Every now and then one finds a phrase, or perhaps a whole sentence, that is so terribly good, so smack on the money, that one wishes one had written it oneself. (Actually, this happens to me all the time. Sometimes I think it is admiration of another writer’s talent and humility at the scope of my own; other times I suspect it of being a species of envy. The observation doesn’t do much good in either case—a virtue observed is apt to become a vice. It’s tempting to go further and say, not quite truly, that the mere act of self-observation can be vicious. But this, as the parentheses show, is a topic for another post.)

Sometimes, however, one finds not merely a sentence or two that strikes the ear and the mind, but a whole essay—even a book. Ronald Knox’s Retreat for Lay People is such a book. I picked it up last month in response to a bit of prodding from my spiritual director. (I really am lazy about the most important things in life—observe, an indirect boast—cf. Bingley v. Darcy—intellectual pride? . . . humility at recognizing pride . . . never-ending spiral . . . Screwtape alert!)

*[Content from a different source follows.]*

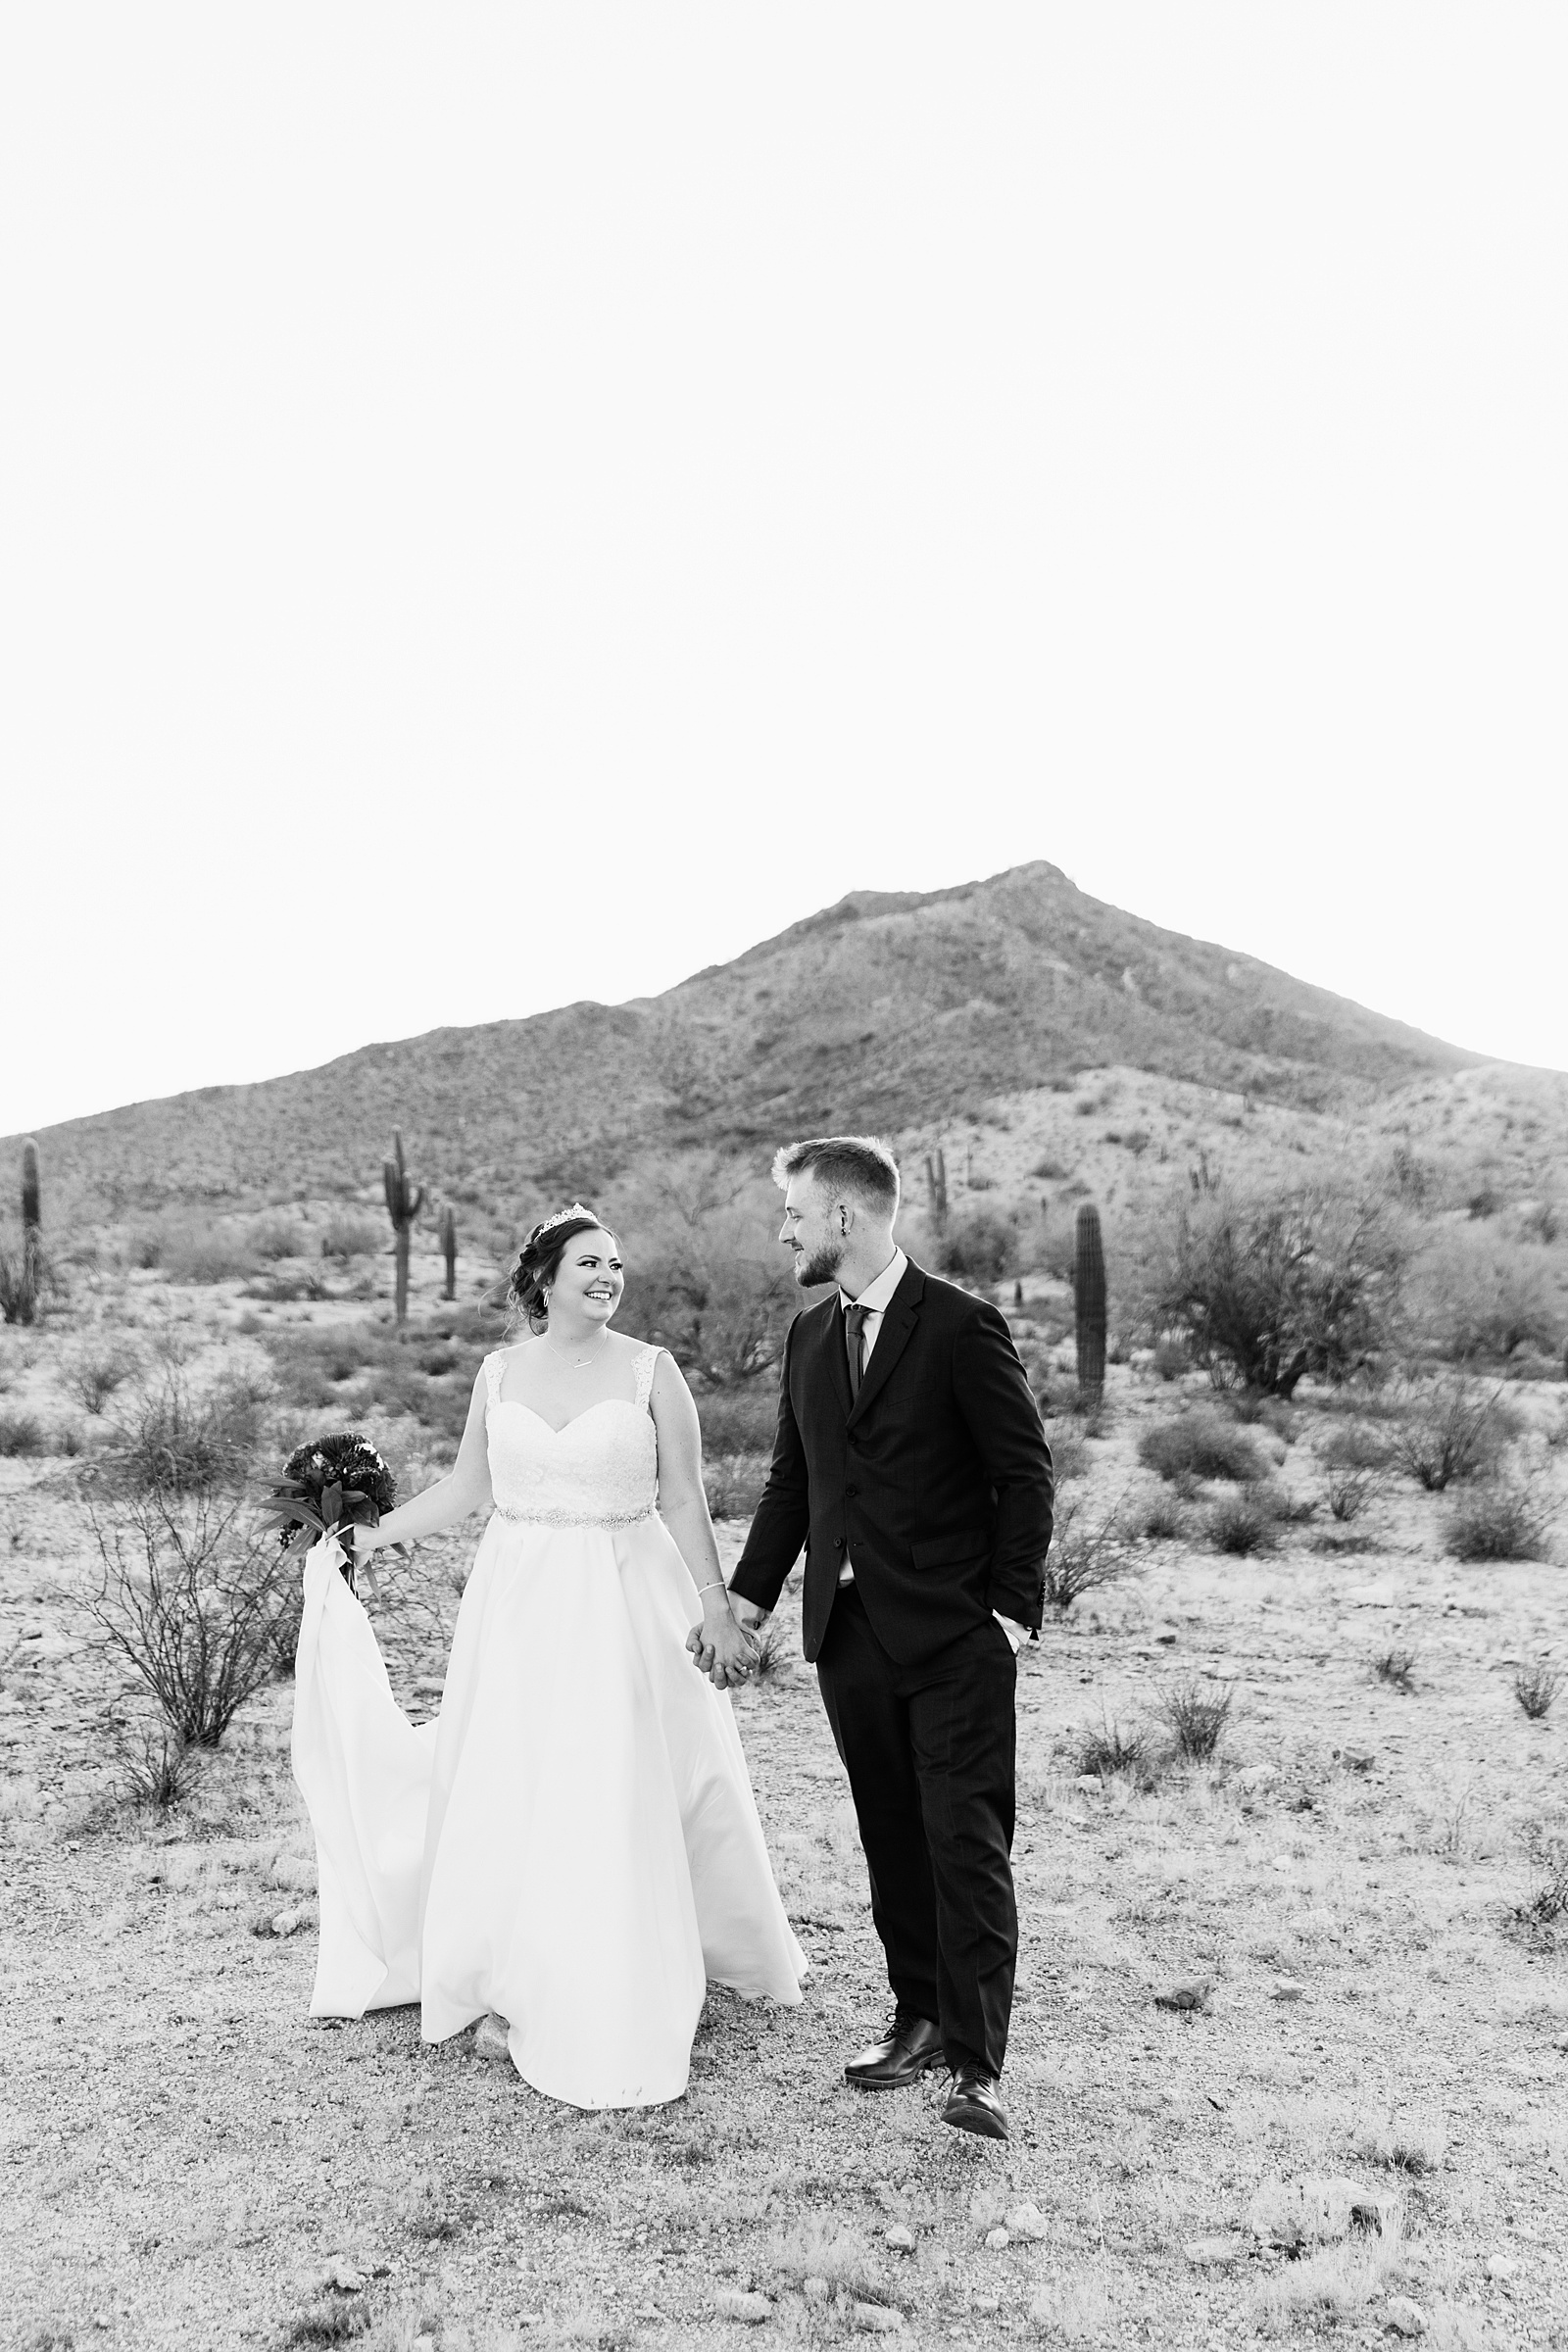 Bride and groom walking together during their intimate desert wedding by Arizona wedding photographer Juniper and Co Photography.

I had read Knox’s Retreat before, but so long ago that most of it was deliciously fresh—though here and there I did come across an idea which I met with a Lewisian “What, you too?”—before realizing that probably I had only “thought of it too” because I had picked it up from Knox during the previous reading. But there was one idea which I am quite sure I did not remember, which I must have simply and shamefully skimmed over the first time round. I am fairly sure I did not remember it because, far from being one of those things that have become a familiar part of my mental wall tapestry, it was something that I had only begun to think about in the past few days—one of those slow-churning semi-intellectual resolutions that usually come out of extended mental frustration or turmoil.

Knox talks about the difference between the worldview of the medieval Christian and that of the modern. “To put it roughly, a Christian of the first seventeen centuries saw the dead heretic as probably in hell, a modern Christian sees the dead heretic as probably in heaven. . . . To convert the heretic, or even the honest unbeliever, is no longer for us the Now-or-never affair it used to be.” Knox concludes with sad, pragmatic honesty, that the modern worldview is a “danger to your faith and mine . . . [not to] our theological faith . . . but [to] the spirit of faith in us. . . . We’re like the poor, wretched Government trying to make people work without appealing to the profit-motive—we’ve got to foster zeal in our own lives without appealing to the hell-motive; we’ve got to want the postman and the girl at the tobacconist’s to become Catholics without the conviction that if they die Protestants they’ll be damned. The sense of urgency which is lost to us, now that we’ve all become so broad-minded, has got to be replaced by a sense of urgency based on some other motive; where are we going to get it from?

“I think we’ve got to ask Almighty God to give us more love, much more love, of his truth for its own sake. Loving the truth isn’t the same thing as arguing about it; when we argue, we are so bent on getting the other person to see our point of view that we hardly mind whether it is true or not; we become advocates. Loving the truth isn’t the same thing as preaching it or writing about it; when we preach it or write about it we are too much concerned with making it clear, with getting it across, to appreciate it in its own nature. Loving the truth isn’t even the same thing as studying it, or meditating on it; when we study it, we are out to master it; when we meditate about it, we are using it as a lever which will help us to get a move on with the business of our own souls. No, we have got to love the truth with a jealous, consuming love that can’t rest satisfied until it has won the allegiance of every sane man and woman on God’s earth. And we don’t, very often, love it like that. We are God’s spoiled children; his truth drops into your lap like a ripe fruit—Open thy mouth wide, he says, and I will fill it. There is a sense, you know, in which the false thinkers of to-day love truth better than Christian do. Their fancied truth is something they have earned by their own labours, and they appreciate it more than we appreciate the real truth which has dropped into our laps.

“The truth of which we are speaking is not a set of abstract propositions, however august. We are to love the truth as it is in Christ; he himself is truth incarnate, and we call upon every human mind to surrender to his service. Every human mind, and our own minds first; but it must be a real intellectual surrender. We are to preach the gospel, not as a mere recipe which we have tried and found useful, not as a mere pattern of living which we have learned to admire, but as truth, which has a right to be told; which would still have to be told, even if no heaven beckoned from above, no hell yawned beneath us. If we really loved the truth, then perhaps it would bite deeper into our minds, become realized and operative, not a mere set of formulas, which we accept with a shrug of the shoulders. And then perhaps we should recapture that spirit of faith, in which the men who went before us moved the world.”